Proportions occur in many places. A common inference task for a proportion, from a frequentist viewpoint, is estimating confidence intervals. For a frequentist, the parameters of a distribution are fixed and the data varies. The dataset you’re analyzing now is just one possible dataset of many that explain the phenomena that you’re interested in. Governing this phenomenon is some parameter that you like to infer. You may never know the true value, but you can learn things about it.

For a proportion, you have a count, $x$ of the number of times the thing you’re interested in ocurred out of the possible times it could have happened ($n$). This is what the binomial distribution is for. One estimate for the proportion is simply, $\frac{x}{n}$.

This is one of the most basic “estimators” of a statistic. It is estimating a true statistic, that we’ll call $p$. $p$ is the true parameter that we can only get glimpses of through sampled datasets. As a beginning student of statistics, this was a difficult concept to grasp. An alternative viewpoint would be a bayesian belief about the proportion.

However, we can get an estimate of the difference between our estimator and the true value. If we say that we want the difference of our estimator and the true value, $p$, to be less than $\alpha$, then there’s randomness in that inequality. But, we can cap that randomness with a probability. For example, $0.95$.

\[\begin{align} P \left( \lvert \frac{x}{n} - p \rvert < α \right) = 0.95 \end{align}\]

This is the probability of:

\[P \left( \frac{x}{n} - \alpha < p < \frac{x}{n} + \alpha \right) = 0.95\]

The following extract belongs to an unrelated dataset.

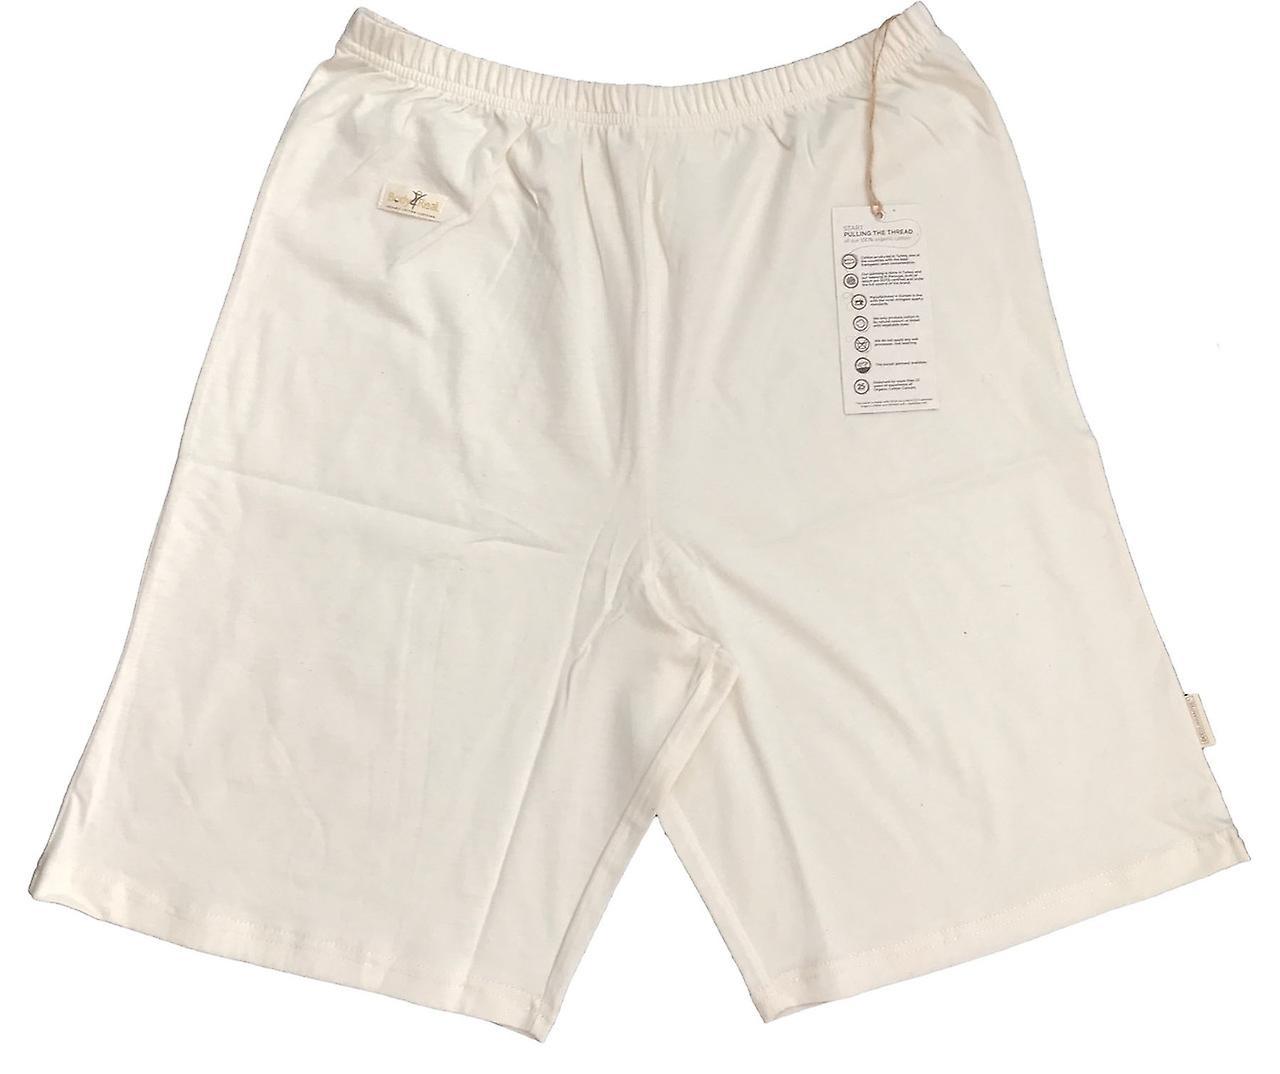 Body4real Organic Clothing 100% Certified Cotton Men's Short Pyjamas Extra Large
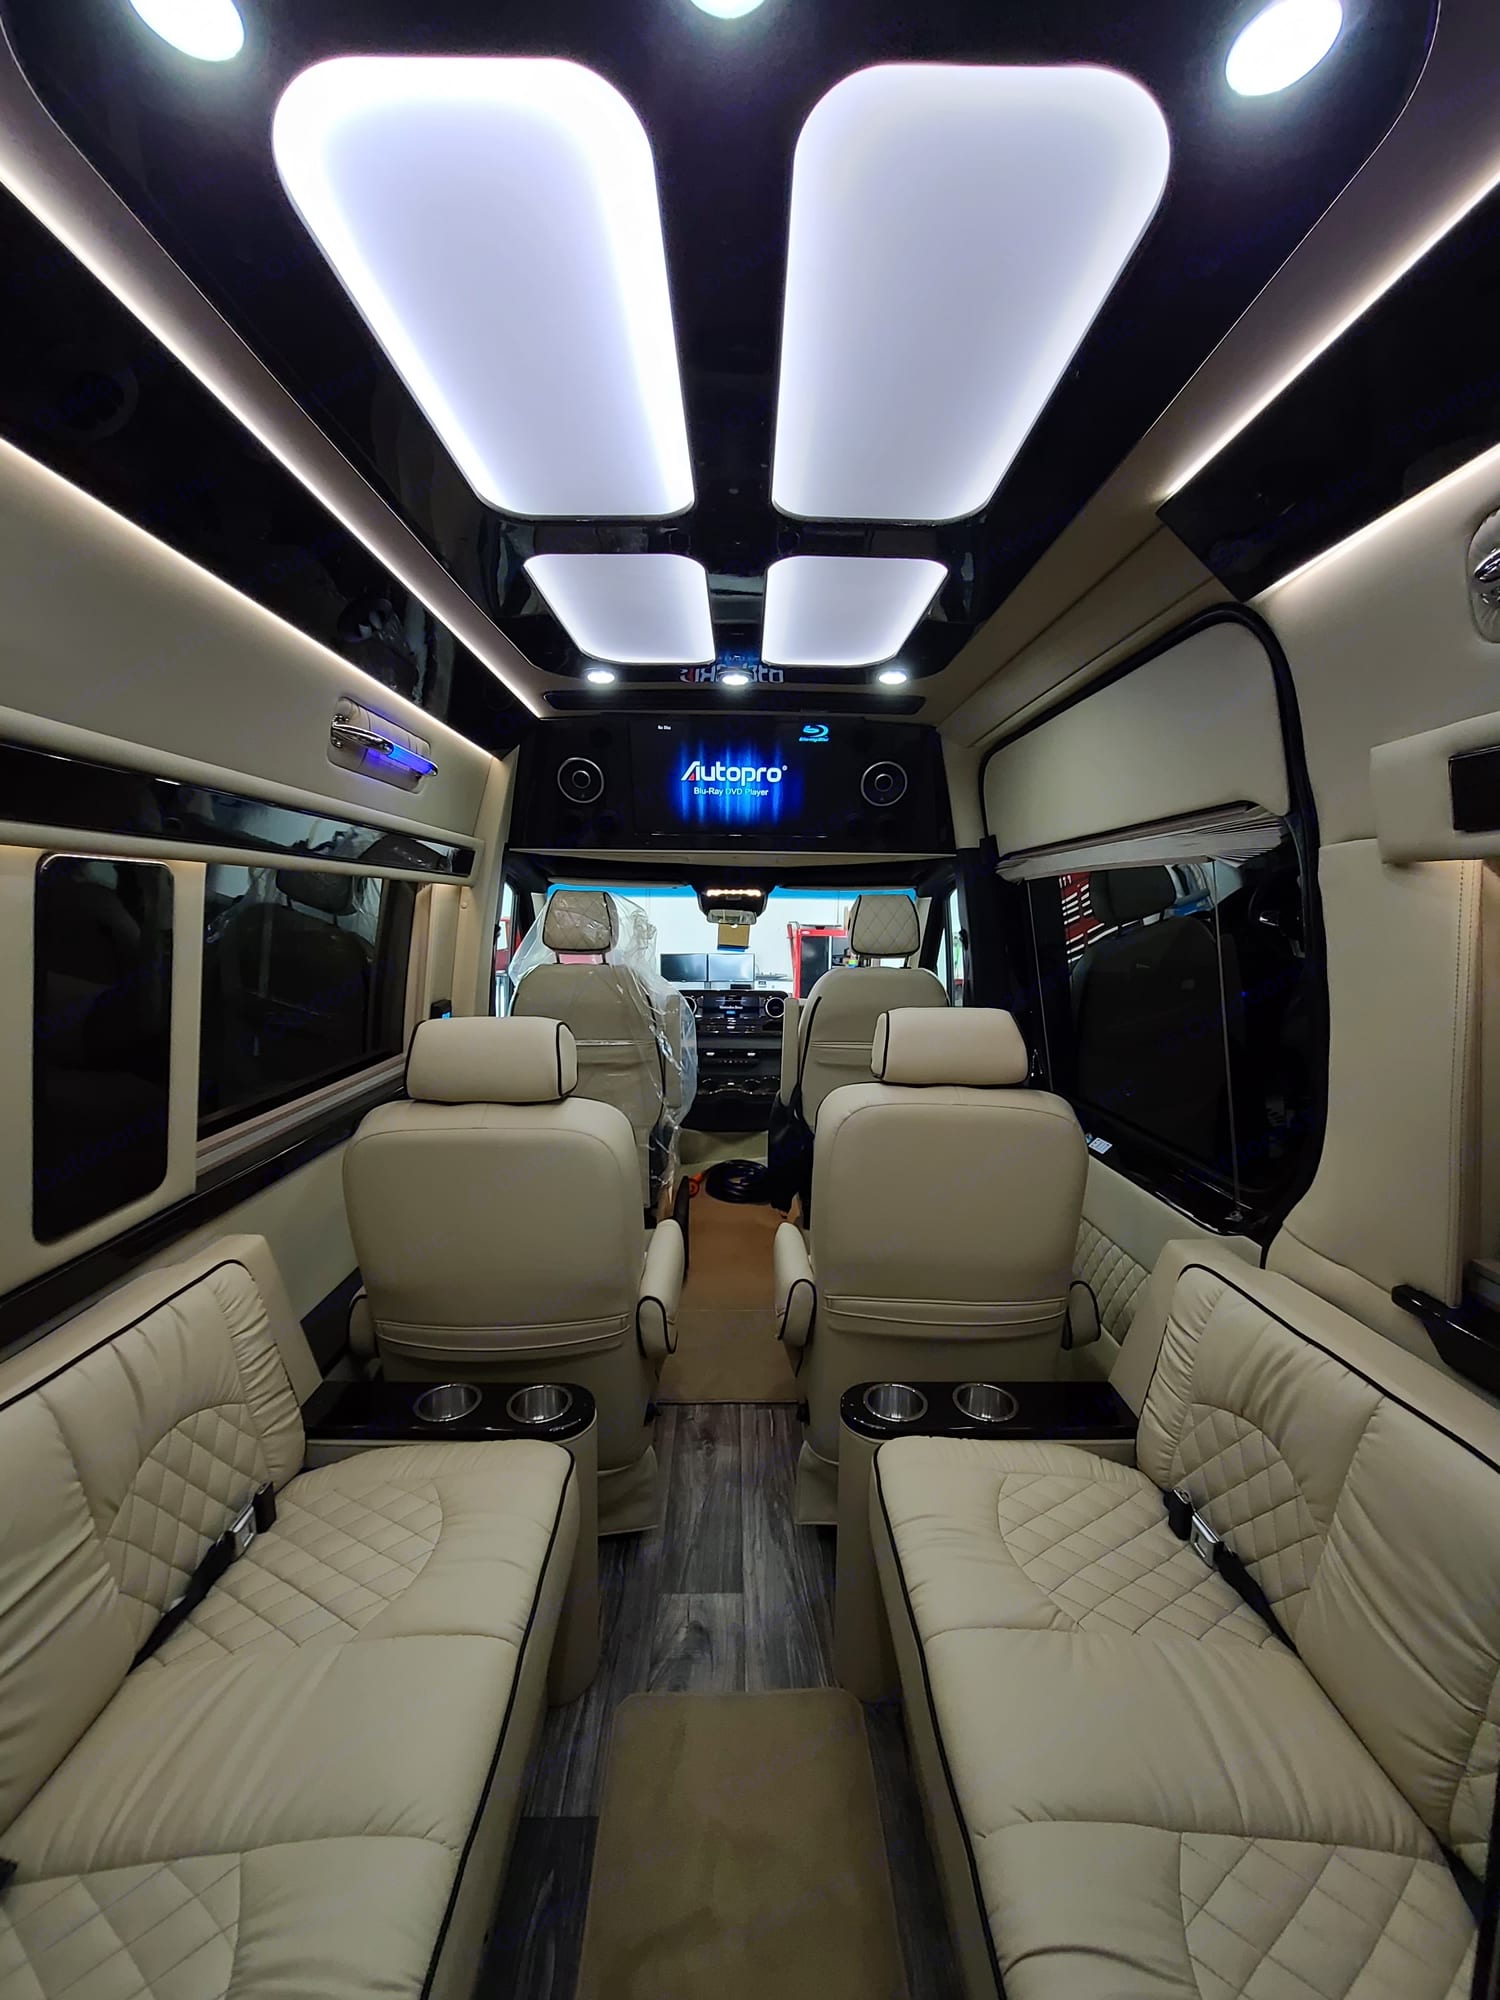 Front TV. Mercedes-Benz 4x4 Sprinter mwb 2021

As often is the case in a frequentist setting, we rely on the central limit theorem for help. If we assume, the ratio $\frac{x}{n}$ is an estimator for the probability parameter in the binomial distribution, we can use some helpful facts. The binomial distribution tends toward a normal distribution (given enough observations, and a reasonable p). So, our goal here is use this information and construct standard normals for each end of our interval.

Multiple both sides of the inequality by n

\[\begin{align} P \left( \lvert \frac{x}{n} - p \rvert < α \right) \end{align}\] \[P \left( \lvert x - np \rvert < nα \right)\]

Divide through by the standard deviation of a binomial variable ($\sqrt{np(1-p)}$). This gets us closer to the standard normal form $\frac{x - \mu}{\sigma}$

\[P \left( \lvert x - np \rvert < nα \right) = P \left( \lvert \frac{x - np}{\sqrt{np(1-p)}} \rvert < \frac{nα}{\sqrt{np(1-p)}} \right)\] \[\]